Reproduce the entries below exactly, but only from the line containing "I write the right. I do the left." to the line containing "New Balance Numeric", inclusive.

======== RECORDS FOR THE TASK

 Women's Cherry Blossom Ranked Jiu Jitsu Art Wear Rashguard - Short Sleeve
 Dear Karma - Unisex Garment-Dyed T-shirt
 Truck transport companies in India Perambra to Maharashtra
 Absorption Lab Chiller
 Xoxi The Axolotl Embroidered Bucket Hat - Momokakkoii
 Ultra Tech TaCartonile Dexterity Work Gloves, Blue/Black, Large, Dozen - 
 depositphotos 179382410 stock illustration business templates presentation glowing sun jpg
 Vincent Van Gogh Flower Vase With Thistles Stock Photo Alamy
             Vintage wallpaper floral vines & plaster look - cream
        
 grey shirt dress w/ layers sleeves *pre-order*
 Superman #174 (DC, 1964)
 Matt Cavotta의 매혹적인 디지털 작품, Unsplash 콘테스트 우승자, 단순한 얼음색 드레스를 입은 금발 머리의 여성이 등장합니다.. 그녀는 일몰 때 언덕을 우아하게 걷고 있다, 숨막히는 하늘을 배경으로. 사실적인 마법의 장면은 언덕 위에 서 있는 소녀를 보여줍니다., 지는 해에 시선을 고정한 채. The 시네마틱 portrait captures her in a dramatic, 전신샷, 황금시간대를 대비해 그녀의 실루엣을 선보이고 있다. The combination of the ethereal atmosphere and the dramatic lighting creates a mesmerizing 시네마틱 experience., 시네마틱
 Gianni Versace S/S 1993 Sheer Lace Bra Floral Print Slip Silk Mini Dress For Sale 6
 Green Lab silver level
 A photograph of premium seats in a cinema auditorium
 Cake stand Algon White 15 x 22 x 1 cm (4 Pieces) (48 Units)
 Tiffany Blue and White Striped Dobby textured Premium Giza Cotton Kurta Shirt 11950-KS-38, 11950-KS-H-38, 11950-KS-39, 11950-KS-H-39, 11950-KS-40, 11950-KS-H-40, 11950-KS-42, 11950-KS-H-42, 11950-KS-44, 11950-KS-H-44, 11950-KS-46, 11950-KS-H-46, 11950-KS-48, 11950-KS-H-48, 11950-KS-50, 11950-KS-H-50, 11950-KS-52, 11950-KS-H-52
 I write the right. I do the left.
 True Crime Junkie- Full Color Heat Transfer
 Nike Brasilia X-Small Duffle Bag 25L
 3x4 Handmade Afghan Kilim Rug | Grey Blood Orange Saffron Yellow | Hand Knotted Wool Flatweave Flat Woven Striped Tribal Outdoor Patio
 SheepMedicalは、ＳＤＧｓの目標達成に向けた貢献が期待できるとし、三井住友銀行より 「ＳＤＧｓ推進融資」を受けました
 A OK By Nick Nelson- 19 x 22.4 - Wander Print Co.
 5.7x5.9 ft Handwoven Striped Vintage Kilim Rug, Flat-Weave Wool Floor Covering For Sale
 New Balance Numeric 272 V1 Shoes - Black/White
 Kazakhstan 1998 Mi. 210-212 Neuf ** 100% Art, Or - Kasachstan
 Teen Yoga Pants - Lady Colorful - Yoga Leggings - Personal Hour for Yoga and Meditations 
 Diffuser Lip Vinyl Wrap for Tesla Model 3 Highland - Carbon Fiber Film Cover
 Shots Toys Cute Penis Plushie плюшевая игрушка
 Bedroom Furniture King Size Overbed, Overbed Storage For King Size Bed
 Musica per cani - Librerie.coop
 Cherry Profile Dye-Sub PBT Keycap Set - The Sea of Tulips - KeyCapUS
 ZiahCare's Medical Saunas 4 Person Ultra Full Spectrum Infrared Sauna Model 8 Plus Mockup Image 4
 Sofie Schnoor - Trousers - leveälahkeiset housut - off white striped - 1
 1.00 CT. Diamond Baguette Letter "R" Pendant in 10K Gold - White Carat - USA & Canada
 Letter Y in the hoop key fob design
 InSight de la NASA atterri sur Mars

================

• REPLY TO THE EXERCISE:
 I write the right. I do the left.
 True Crime Junkie- Full Color Heat Transfer
 Nike Brasilia X-Small Duffle Bag 25L
 3x4 Handmade Afghan Kilim Rug | Grey Blood Orange Saffron Yellow | Hand Knotted Wool Flatweave Flat Woven Striped Tribal Outdoor Patio
 SheepMedicalは、ＳＤＧｓの目標達成に向けた貢献が期待できるとし、三井住友銀行より 「ＳＤＧｓ推進融資」を受けました
 A OK By Nick Nelson- 19 x 22.4 - Wander Print Co.
 5.7x5.9 ft Handwoven Striped Vintage Kilim Rug, Flat-Weave Wool Floor Covering For Sale
 New Balance Numeric 272 V1 Shoes - Black/White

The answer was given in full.